- Born: Wendell W. Young III July 5, 1936 Mayfair, Philadelphia
- Died: January 1, 2013 (aged 76)
- Occupation: Labor leader
- Years active: 1956-2005

= Wendell Young III =

American trade unionist

Wendell W. Young III (July 6, 1938 – January 1, 2013) was an American labor unionist who served as president of the UFCW Local 1776 for 43 years. During his term in office, he exerted influence over Philadelphia politics and was active in social justice issues.

==Early life==
Young grew up in Mayfair, Philadelphia, and first got involved in the Retail Clerks International Union (RCIU) Local 1537, at age 16, when he was working as a part-time store clerk. Young attended Saint Joseph's University, where he was heavily influenced by Jesuit philosophy, graduating in 1960. Young was introduced to politics by the John F. Kennedy 1960 presidential campaign.

==Career==
Young became president of the RCIU in 1963 at the age of 23, having run on a campaign to reform the union, making him the youngest labor leader in Pennsylvania at the time. In his position, Young was an advocate for civil rights, and participated in the 1963 March on Washington.

Originally a staunch anti-communist, Young's views towards the ideology shifted in 1967 when he visited Brazil, and saw the local communists working with the Catholic Church in order to assist people. This experience substantially shifted Young's views on foreign policy, and he became fully opposed to the Vietnam War as a result. Young was one of the few labor leaders who built ties with the New Left, joining student protests following the Kent State Shootings. His opposition to the Vietnam War and ties to the New Left unnerved many members of the RCIU, who initiated impeachment proceedings against him, which Young survived by only one vote. Young served as the Pennsylvania director of George McGovern's 1972 presidential campaign.
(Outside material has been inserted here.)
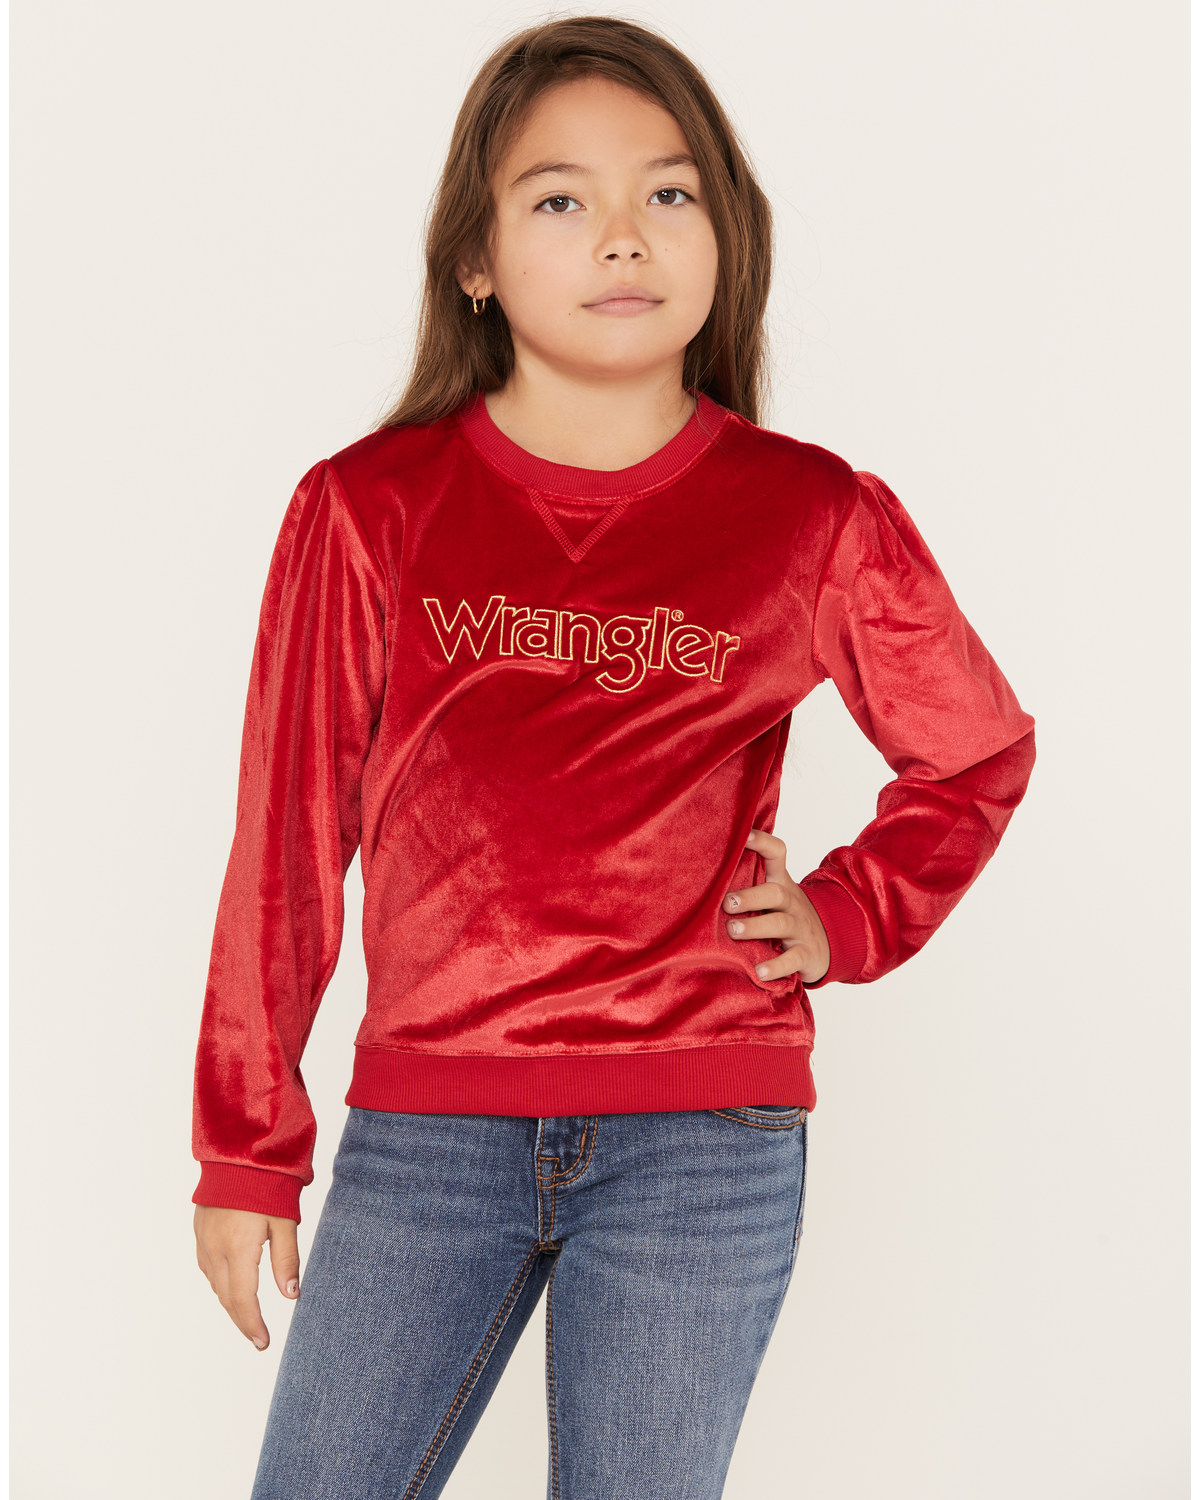 Wrangler Girls' Logo Graphic Sweatshirt
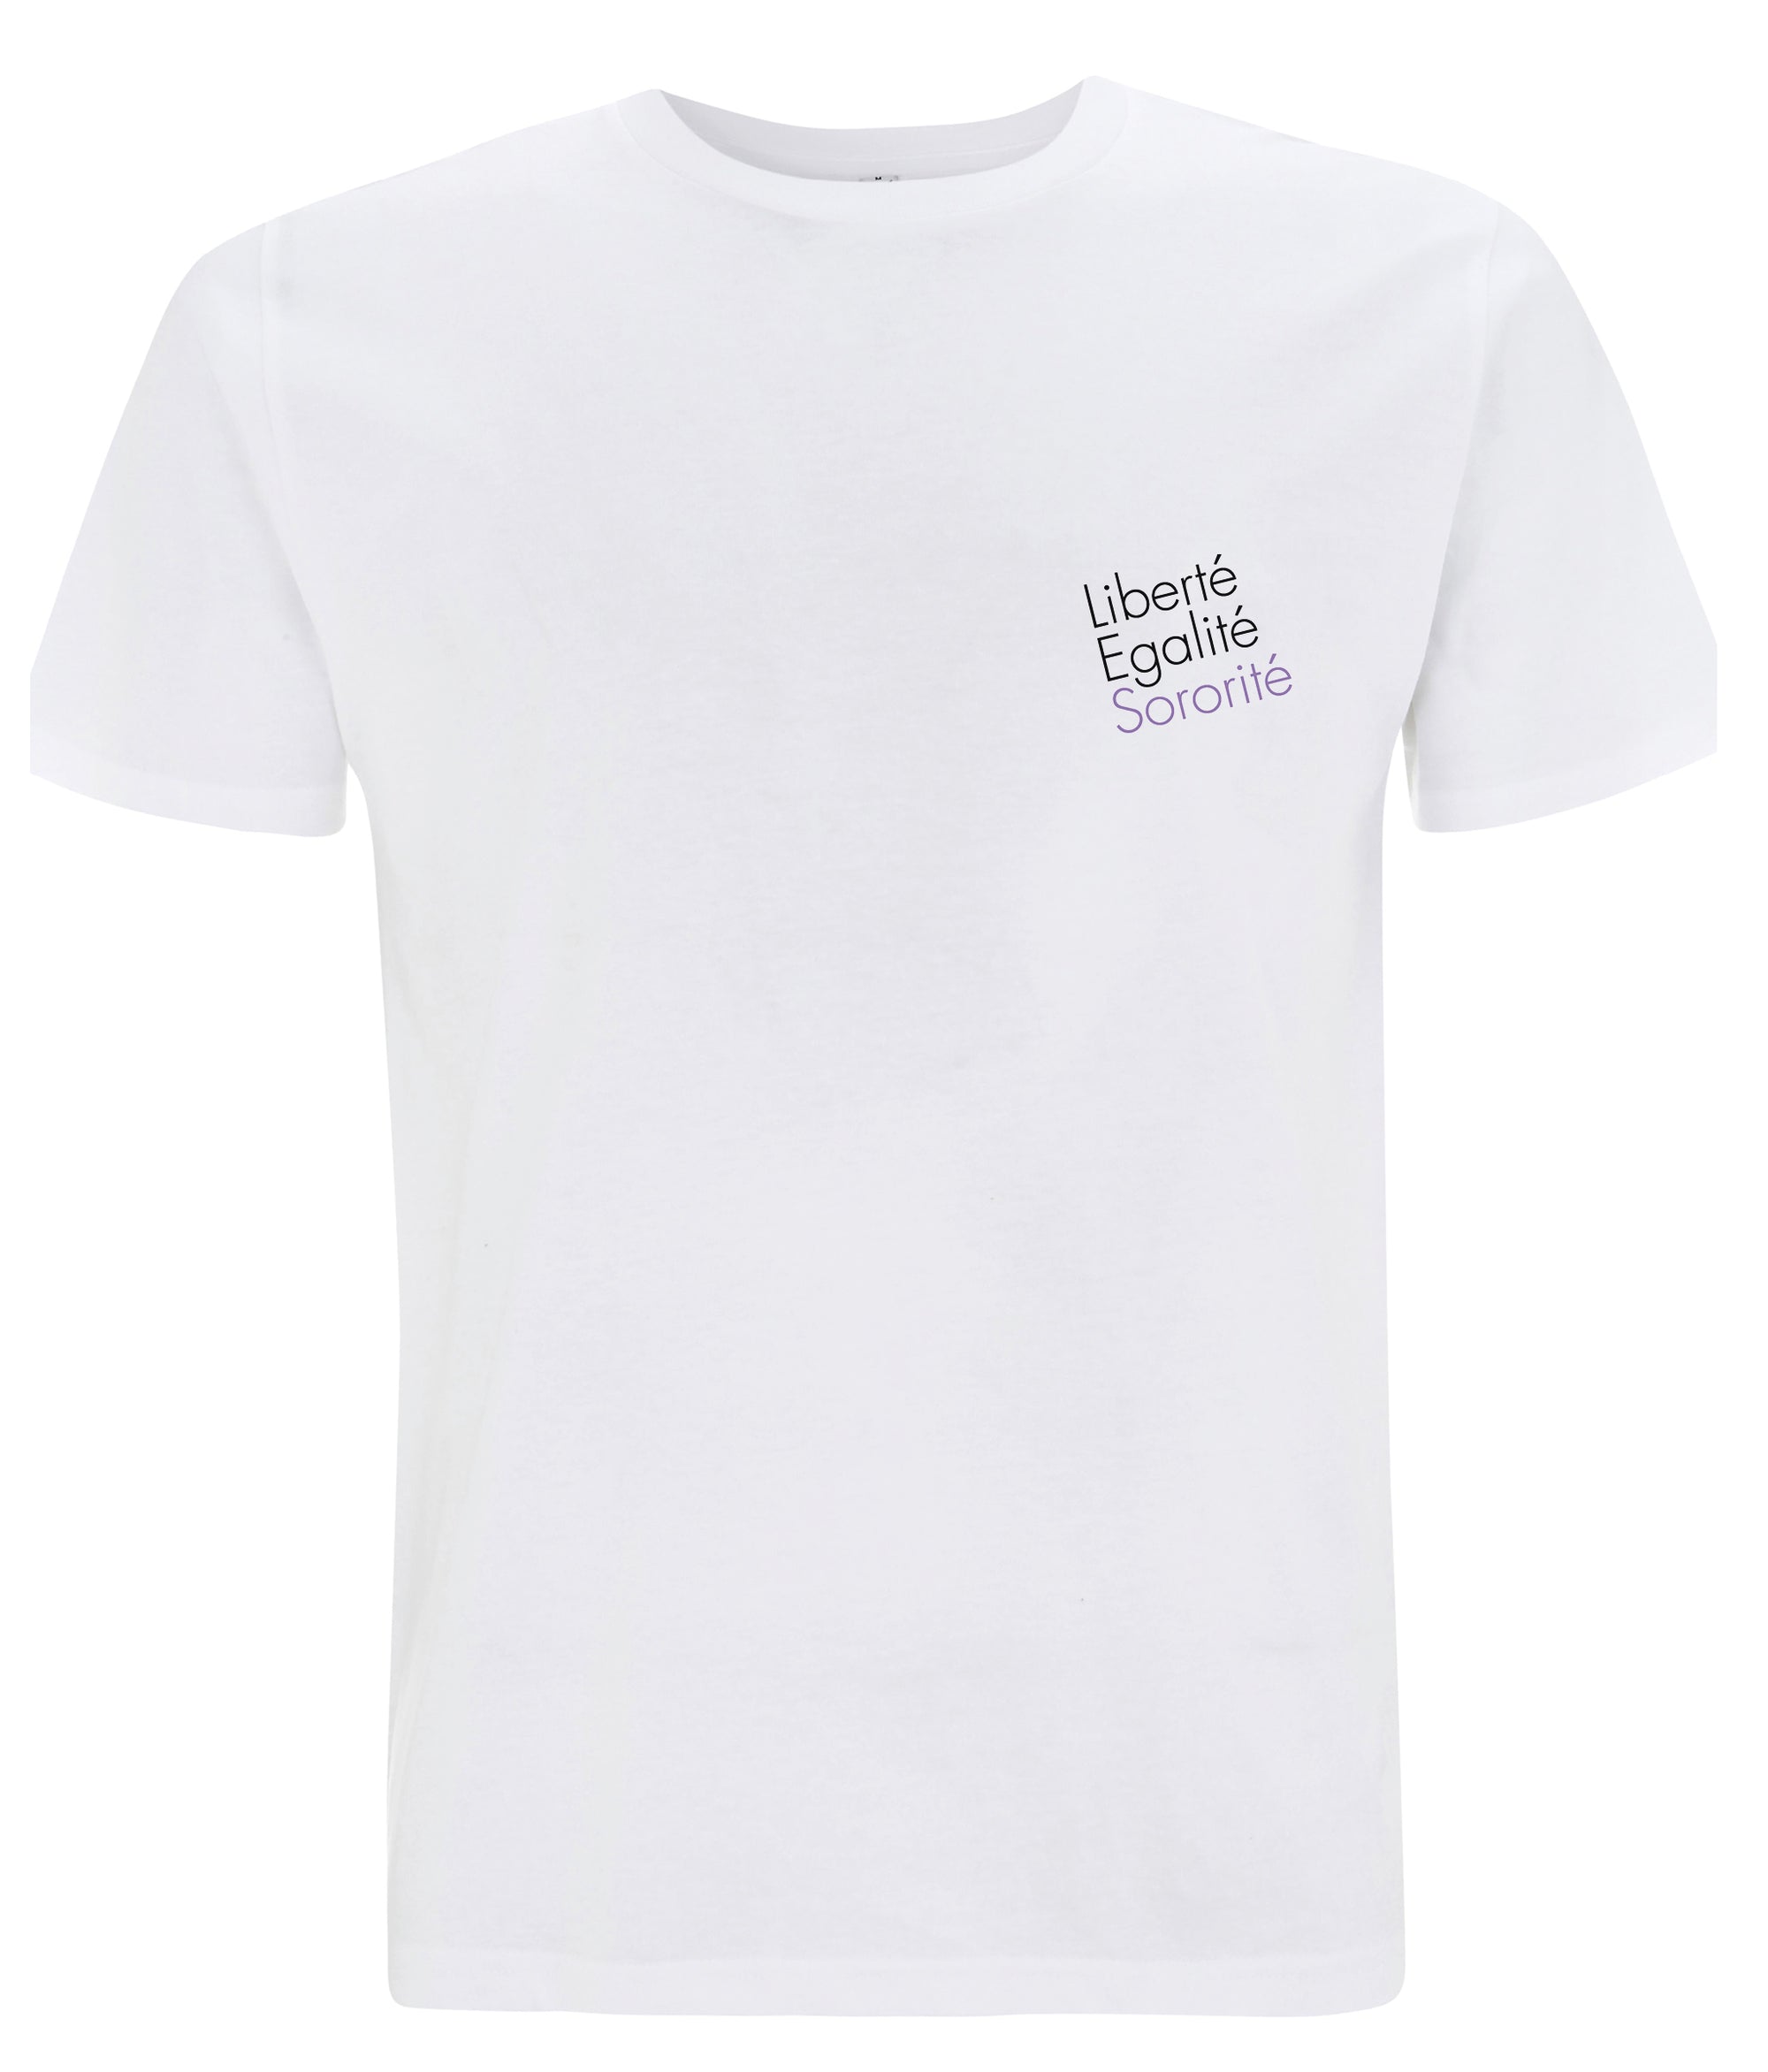 Liberté Egalité Sororité Organic Feminist T Shirt White

Young was a committed opponent of Philadelphia Mayor Frank Rizzo, whom he viewed as racist. Rizzo in turn hated Young, describing him as a "leftist pig". Young was active in organizing opposition to Rizzo, and supported his political opponents in runs for local office. Young's opposition to Rizzo extended to supporting his Republican opponents in the general election. The RCIU merged with the Amalgamated Meat Cutters in 1979, to form the United Food and Commercial Workers union, with Young remaining president of the combined local organization. Young ran for the Democratic nomination for Pennsylvania's 4th congressional district in 1980, but finished third in the primary.

In 1995, Young supported the campaign of John Sweeney for president of the AFL-CIO. From 1995 to 2005, he hosted a weekly talk show on WHAT (AM), in which he discussed labor-related issues. Despite his stalwart progressivism, Young was an opponent of LGBT rights until late in his career, when he re-examined his views and worked to negotiate contracts to protect individuals from being fired for their sexual orientation. Young retired from his position as president of the UFCW 1776 in 2005, after he was diagnosed with Parkinson's disease. He was succeeded by his son, Wendell Young IV.

Young died on January 1, 2013, from liver cancer. His funeral mass was held at St. Philip Neri Church, located in Lafayette Hill, Pennsylvania. His memoirs, A Life in Philadelphia Labor and Politics, were published posthumously in 2019.